No se trata de demonizar un género. Todo arte puede tener valor. Pero sí de aceptar un hecho: la música popular de hoy, en su versión más comercial, ha dejado de ser un viaje al interior del alma para convertirse en un producto de consumo inmediato.
Consecuencias invisibles
Este cambio tiene efectos profundos:
- Pensamiento crítico debilitado. Menos palabras significan menos posibilidades de pensar distinto.
- Emoción reducida. Donde antes cabían la nostalgia, la protesta, la esperanza o la fe, hoy a menudo solo queda fiesta, deseo y dinero.
- Cultura uniformizada. La repetición constante borra la diversidad, y con ella la riqueza de lo humano.
Y así vamos creando generaciones que confunden entretenimiento con sentido, ritmo con profundidad, ruido con música.
Música y espíritu
Viktor Frankl lo dijo con claridad: el hombre necesita sentido incluso en lo cotidiano (4). Durante siglos, la música fue ese lugar donde lo cotidiano se convertía en trascendente. Un canto de trabajo aliviaba la carga, un himno de guerra fortalecía el valor, una canción de amor enseñaba a nombrar lo innombrable.
Hoy, gran parte de la música ha renunciado a esa función. Nos entretiene, sí. Nos hace mover el cuerpo. Pero pocas veces nos invita a pensar, a recordar, a soñar. En vez de abrirnos caminos hacia lo profundo, nos encierra en un pasillo de repeticiones vacías.
Y lo que está en juego no es solo el gusto musical, sino la capacidad misma de nuestra alma para expresarse.

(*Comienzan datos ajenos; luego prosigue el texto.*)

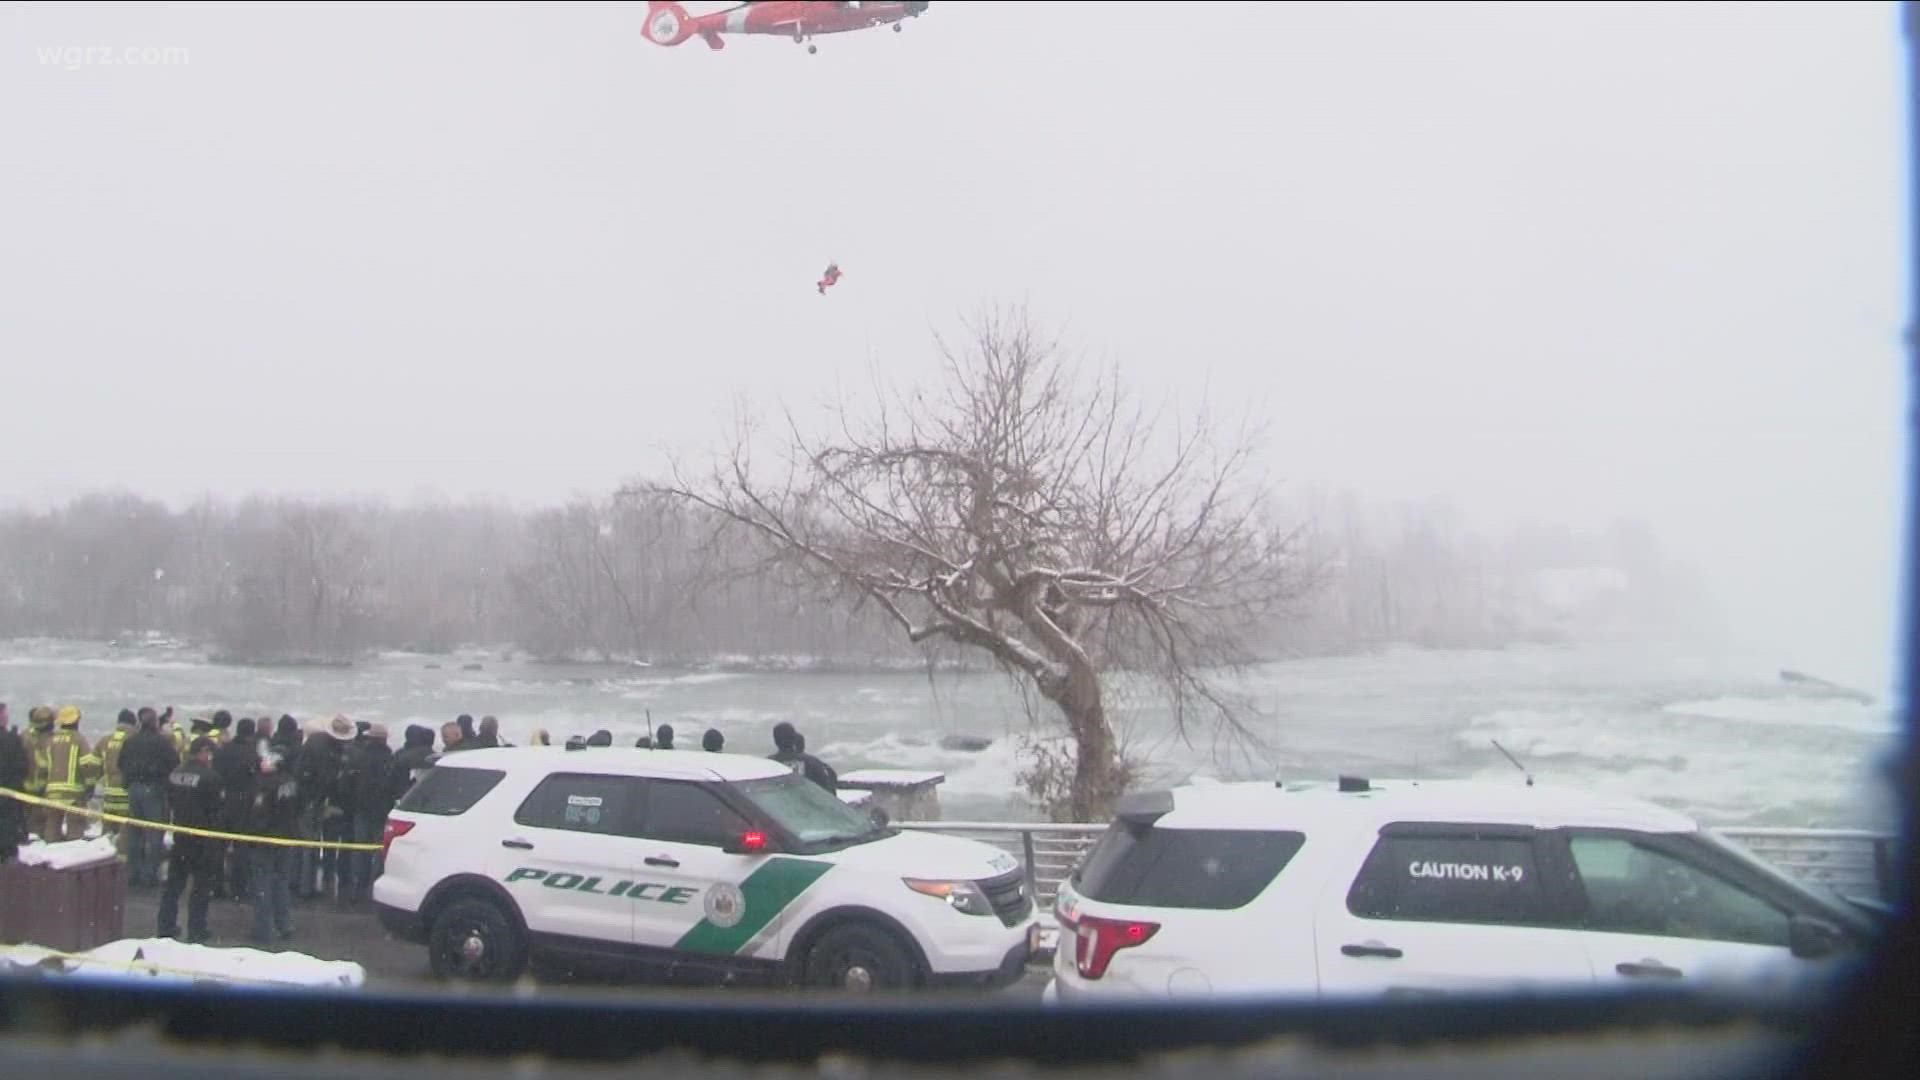 U.S. Coast Guard pulls body from car near Niagara Falls

La responsabilidad de elegir
Cada canción que ponemos en nuestros oídos es un ladrillo en la construcción de lo que somos. Podemos elegir lo fácil, lo repetitivo, lo que solo entretiene. O podemos buscar lo que nos exige, lo que nos enriquece, lo que nos regala palabras nuevas y con ellas pensamientos nuevos.
La música puede ser anestesia o despertar. Puede ser ruido o puede ser oración. Puede hacernos más dóciles o más libres.

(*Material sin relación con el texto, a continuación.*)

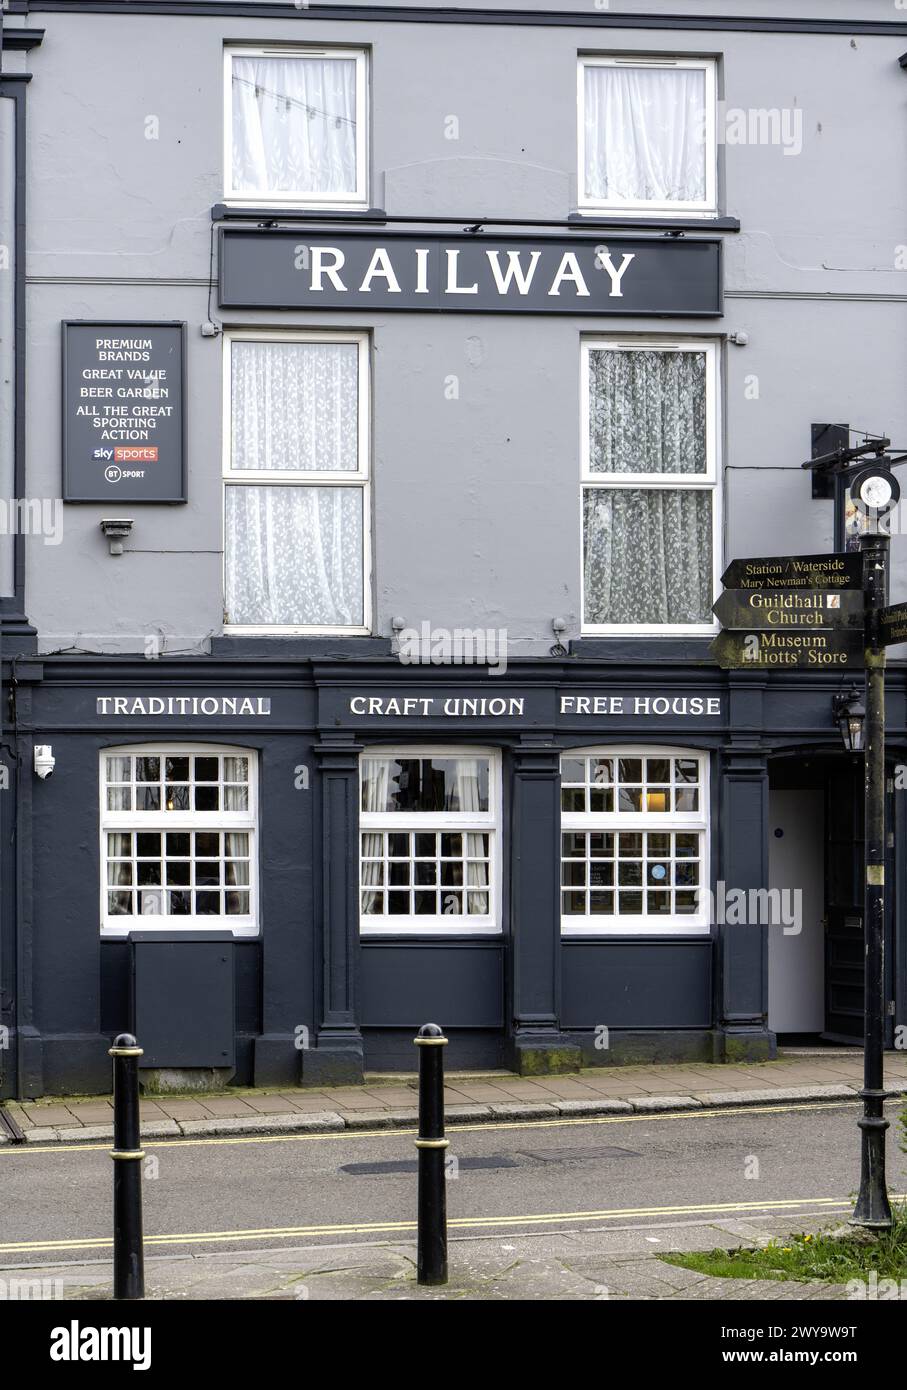 The Railway Hotel - a Craft Union public house - Fore Street, Saltash, Cornwall, England, UK Stock Photo

La decisión, aunque parezca pequeña, es profundamente existencial. Porque lo que escuchamos no solo nos acompaña: nos moldea.
Quizá la pregunta no sea si la música moderna nos hace más tontos, sino si nosotros hemos aceptado resignados una música que ya no nos pide nada. La música de un pueblo refleja su espíritu. Y si la nuestra es repetitiva, pobre y superficial, ¿no será porque hemos permitido que también lo sea nuestra forma de pensar?

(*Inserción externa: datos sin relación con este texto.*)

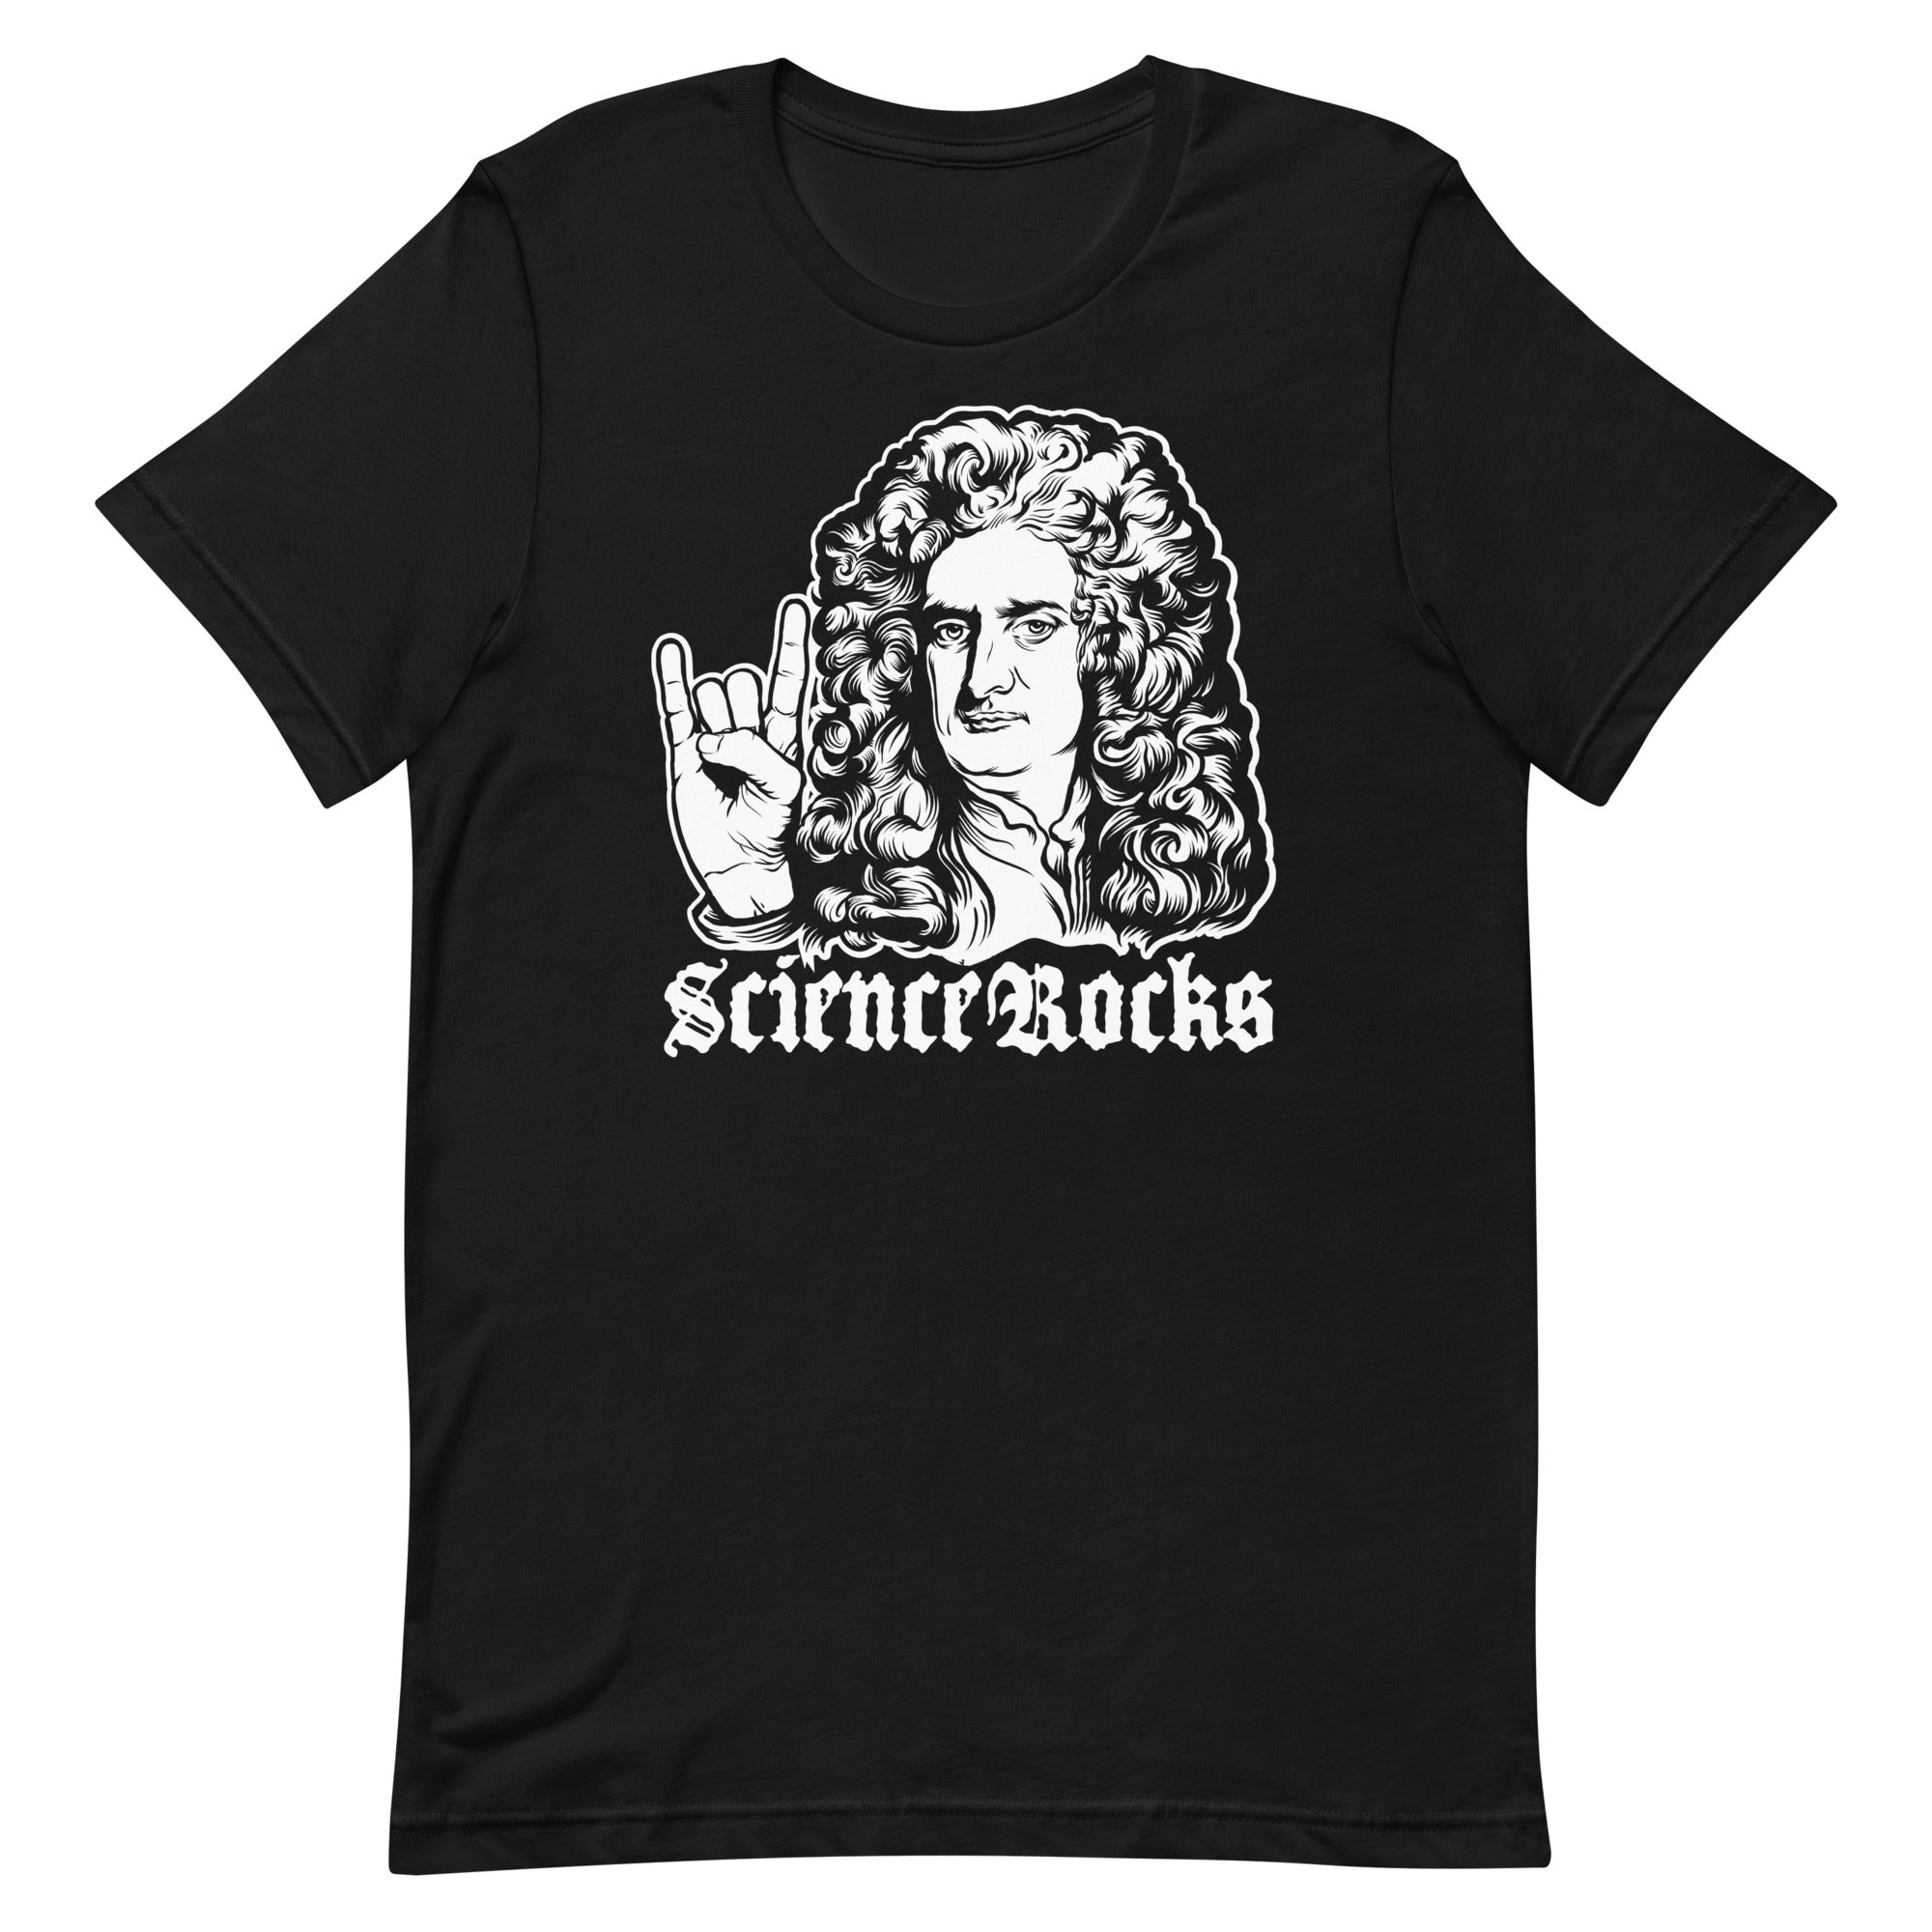 Sir Isaac Newton Science Rocks T-Shirt

Podemos elegir distinto. Recuperar canciones que nos den palabras nuevas, melodías que nos abran horizontes. Volver a usar la música como puente, no como pasillo. Porque, como decía Nietzsche, “sin música, la vida sería un error”, pero también lo sería una vida alimentada solo de eslóganes disfrazados de canciones.
Referencias
- Parada-Cabaleiro E, et al. Lexical diversity in popular music: A cross-linguistic analysis from the 1960s to 2020s. PLoS One. 2024.
- Hart B, Risley TR. Meaningful differences in the everyday experience of young American children. Paul H Brookes Publishing; 1995.
- La música popular moderna te está haciendo más tonto. Fuente: https://www.instagram.com/reel/DNLr6HlK_Hs/?igsh=aXphMnJzZGkza2Ni
- Frankl VE. El hombre en busca de sentido. Barcelona: Herder; 2004.